# Task:
Write out the entries below exactly, but only from the line containing "Winter Tire Special" through the line containing "RAC 400 Amp", and without the pictures.
Data records Start Marker
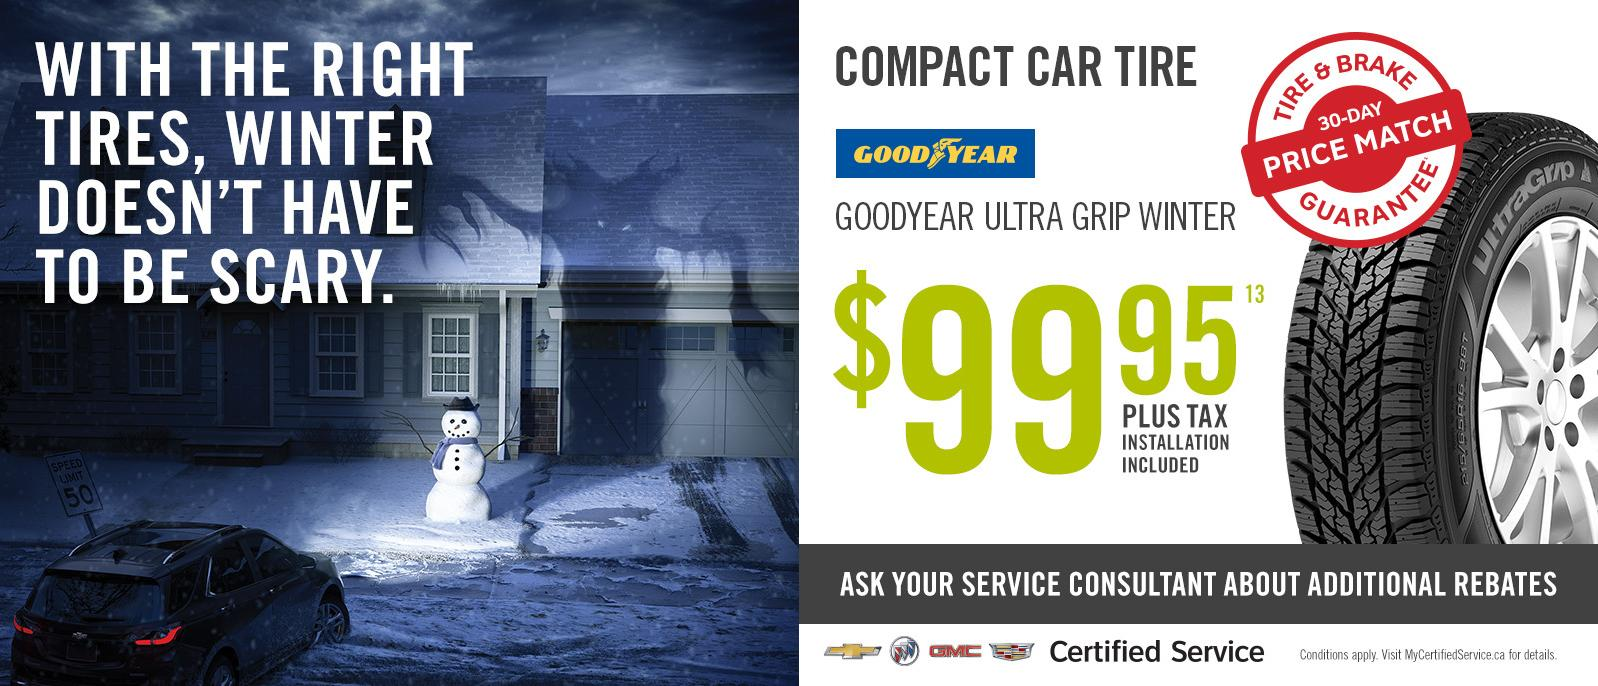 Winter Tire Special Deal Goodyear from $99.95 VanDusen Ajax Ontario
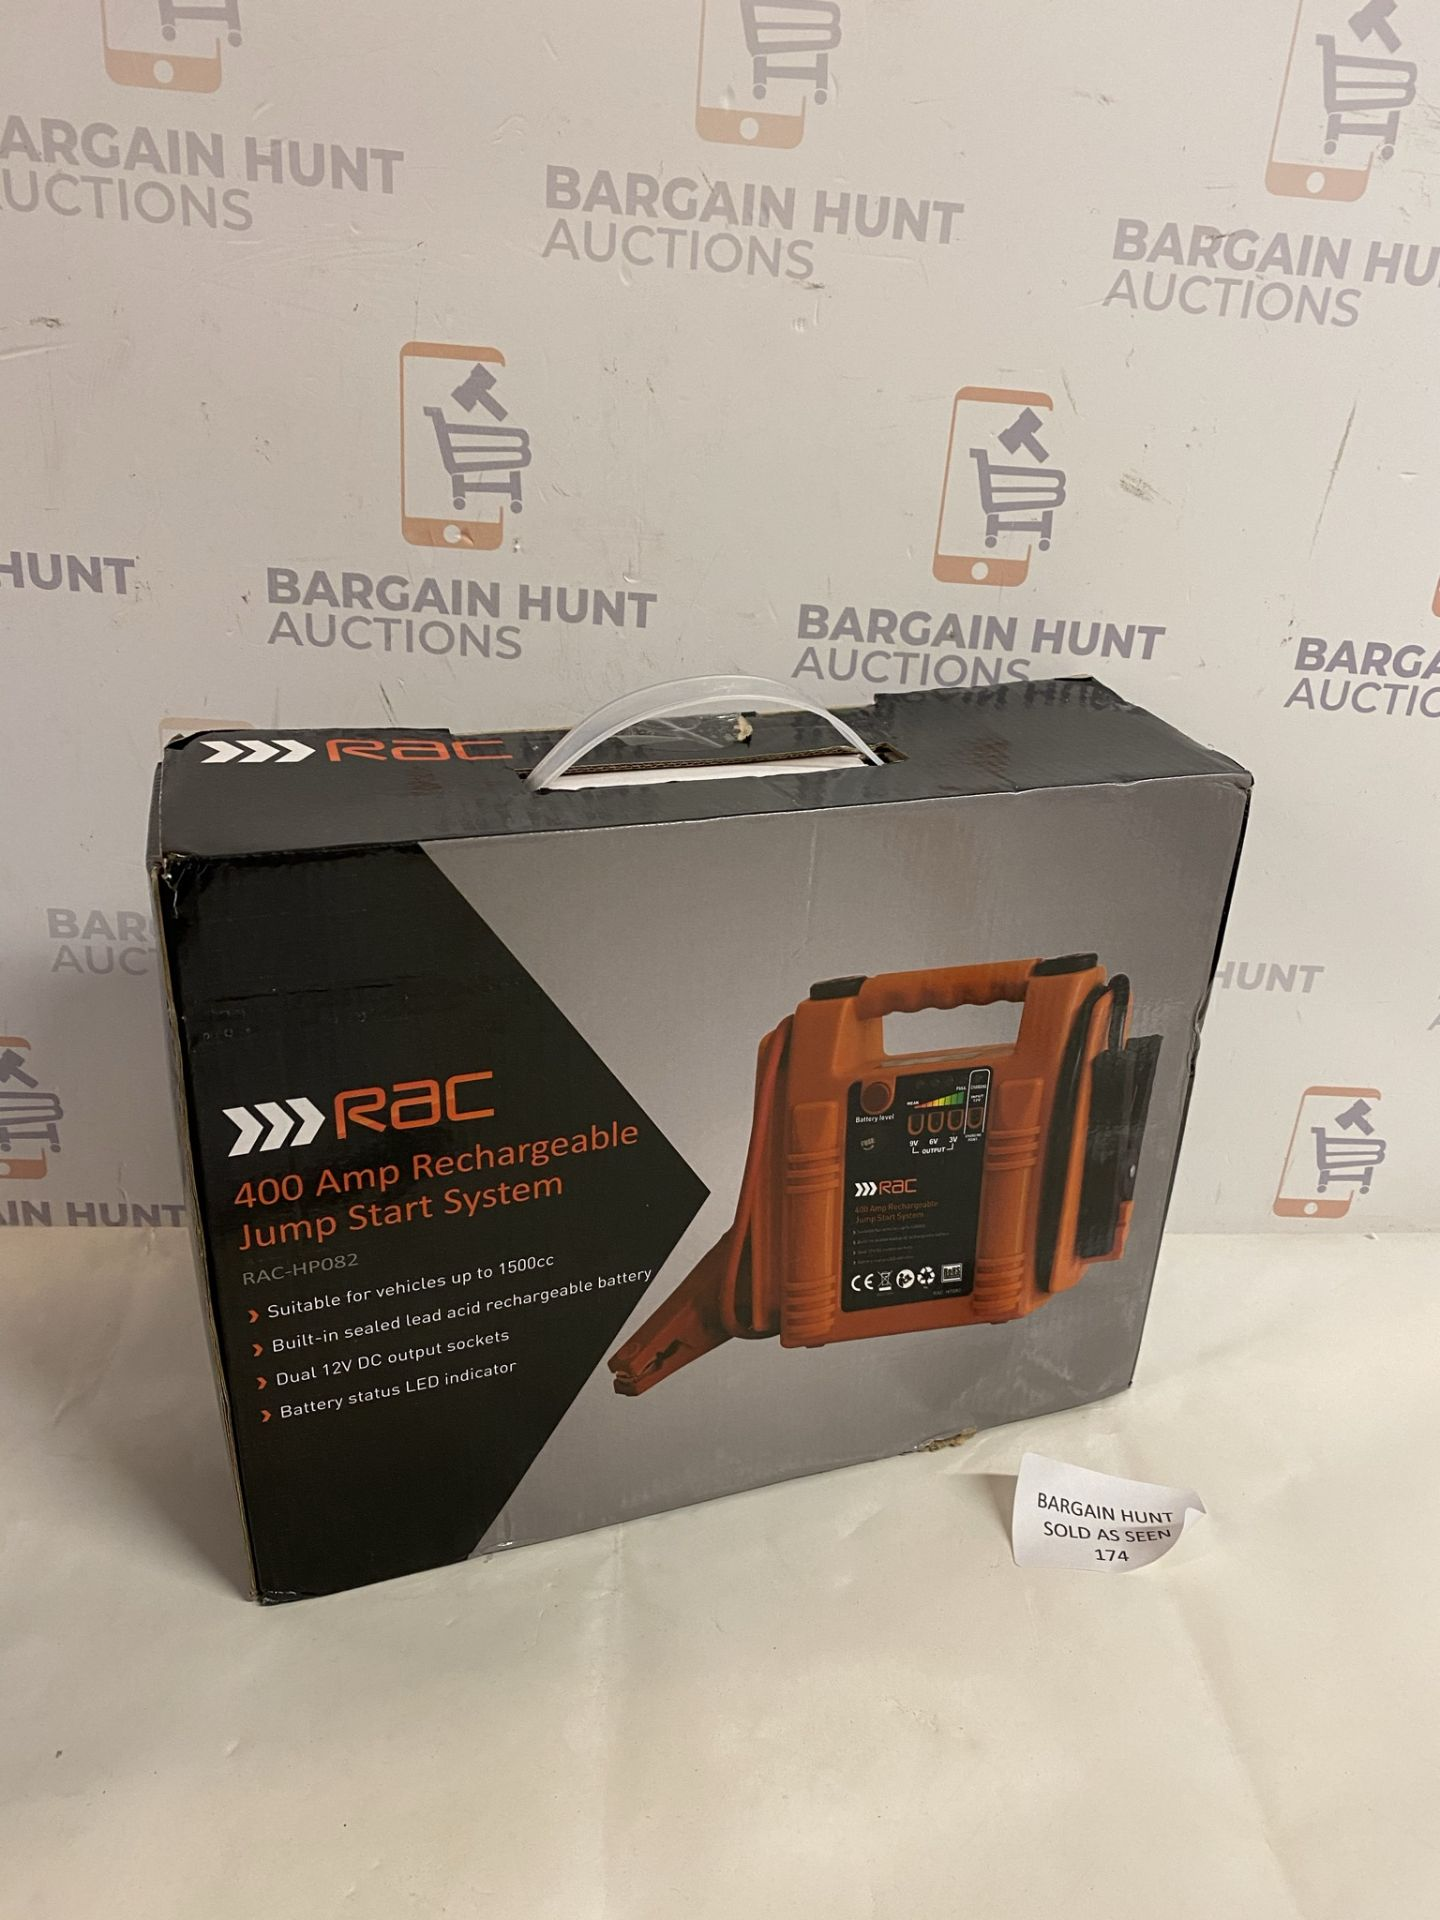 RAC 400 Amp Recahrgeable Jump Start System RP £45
Data records End Marker
Data records Start Marker
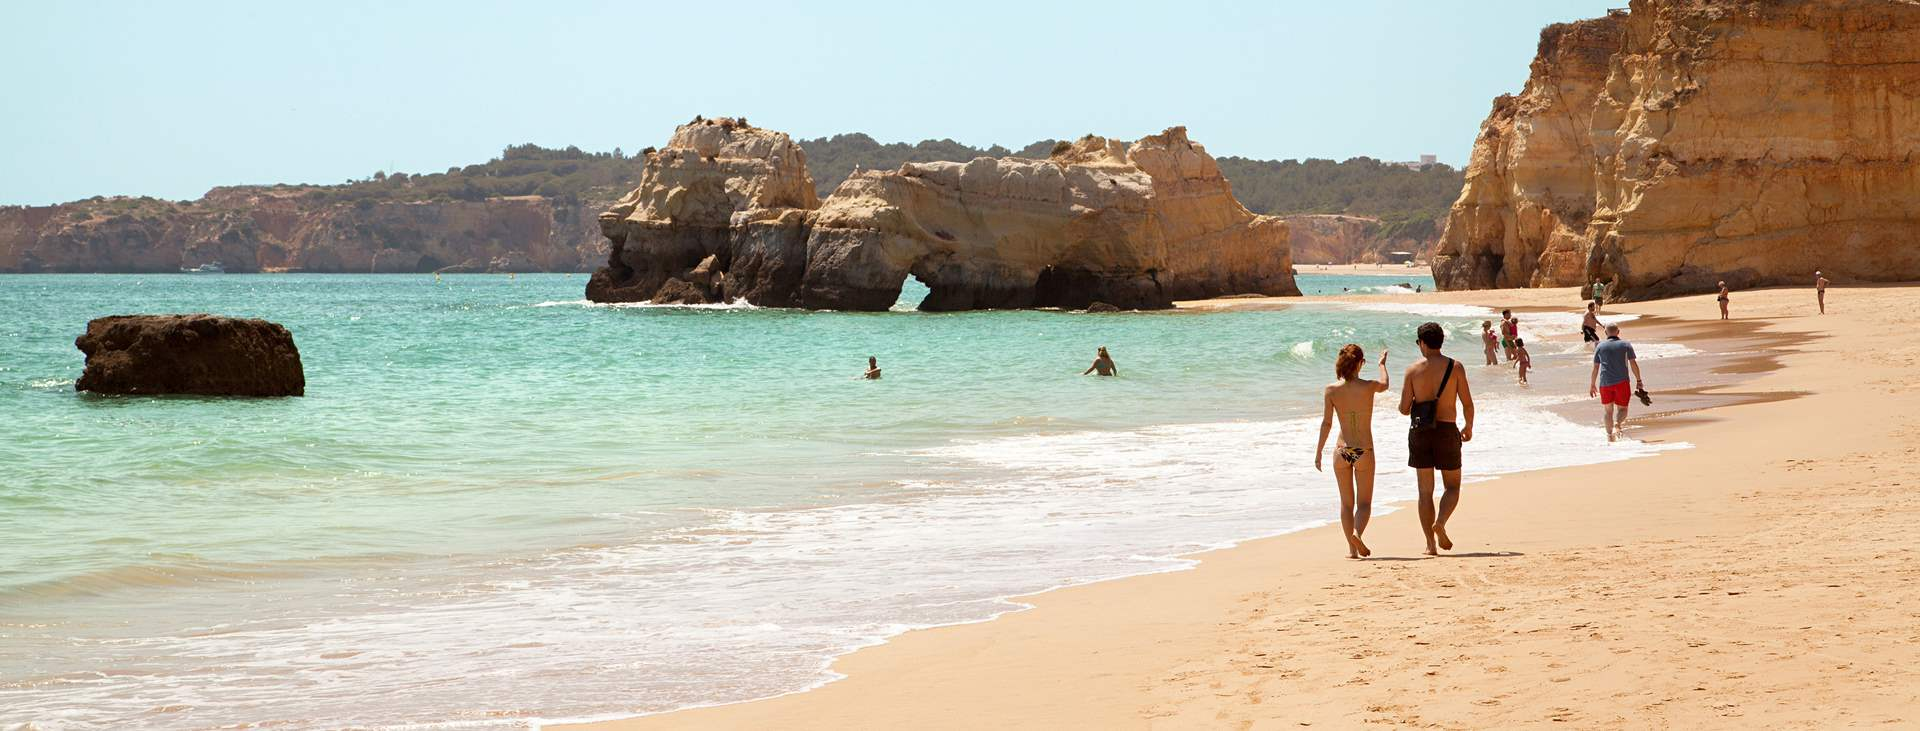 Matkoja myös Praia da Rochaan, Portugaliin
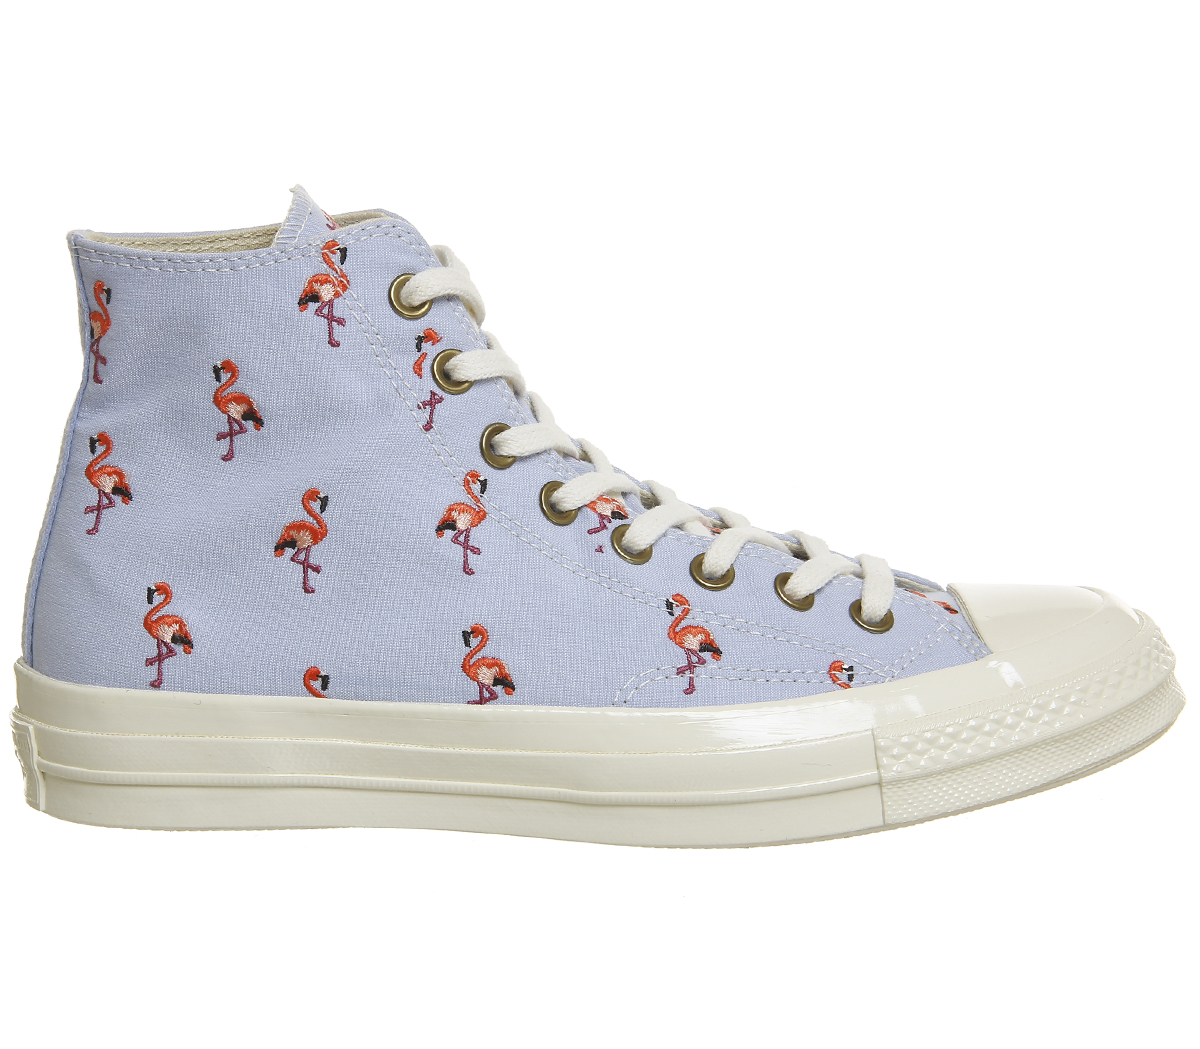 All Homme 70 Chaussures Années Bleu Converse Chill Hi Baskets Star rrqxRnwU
Data records End Marker
Data records Start Marker
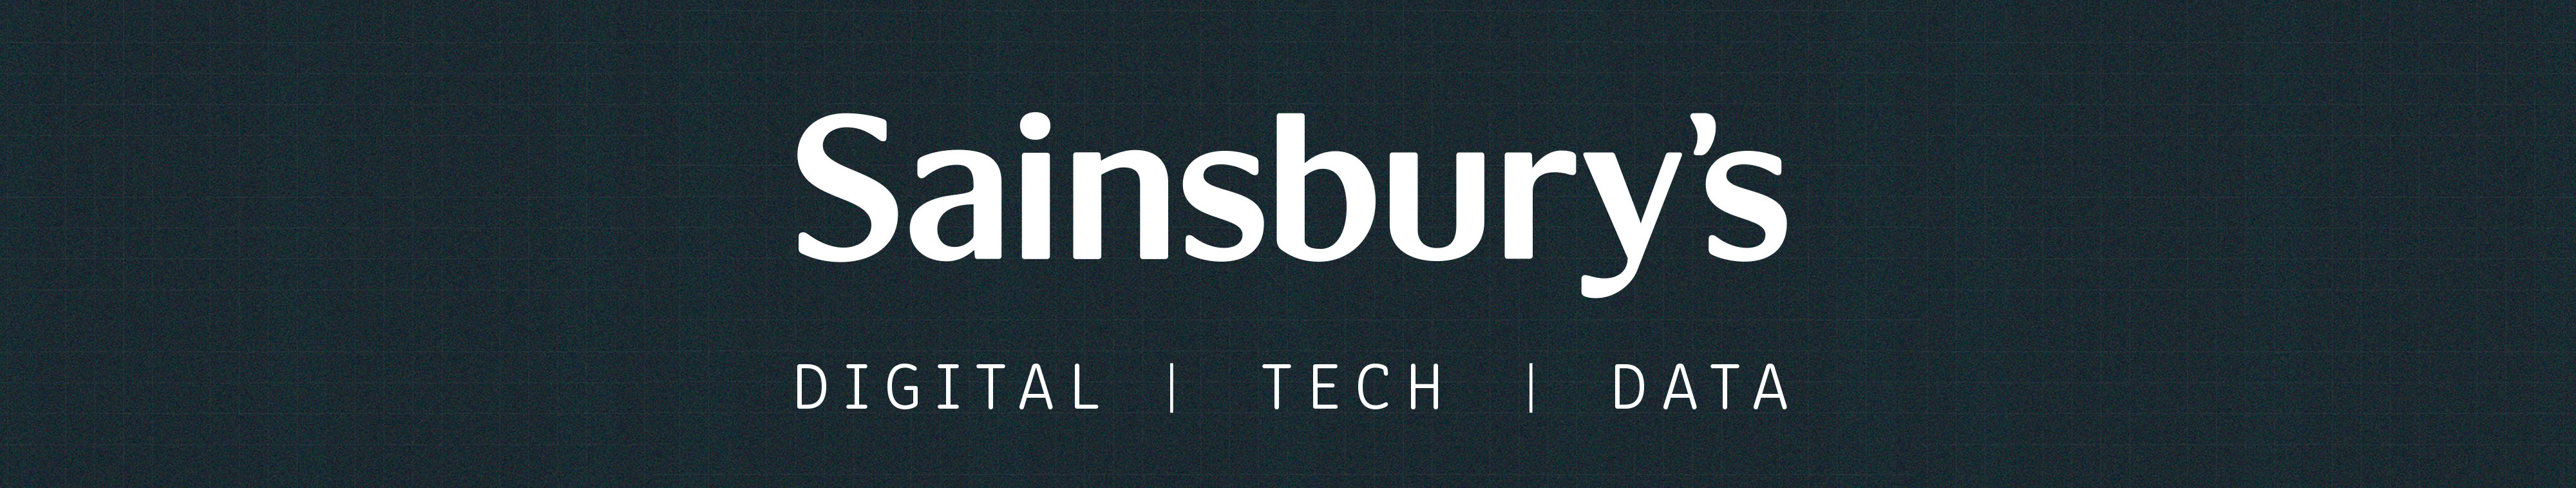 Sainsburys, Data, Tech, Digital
Data records End Marker
# Result for this exercise:
 Winter Tire Special Deal Goodyear from $99.95 VanDusen Ajax Ontario
 RAC 400 Amp Recahrgeable Jump Start System RP £45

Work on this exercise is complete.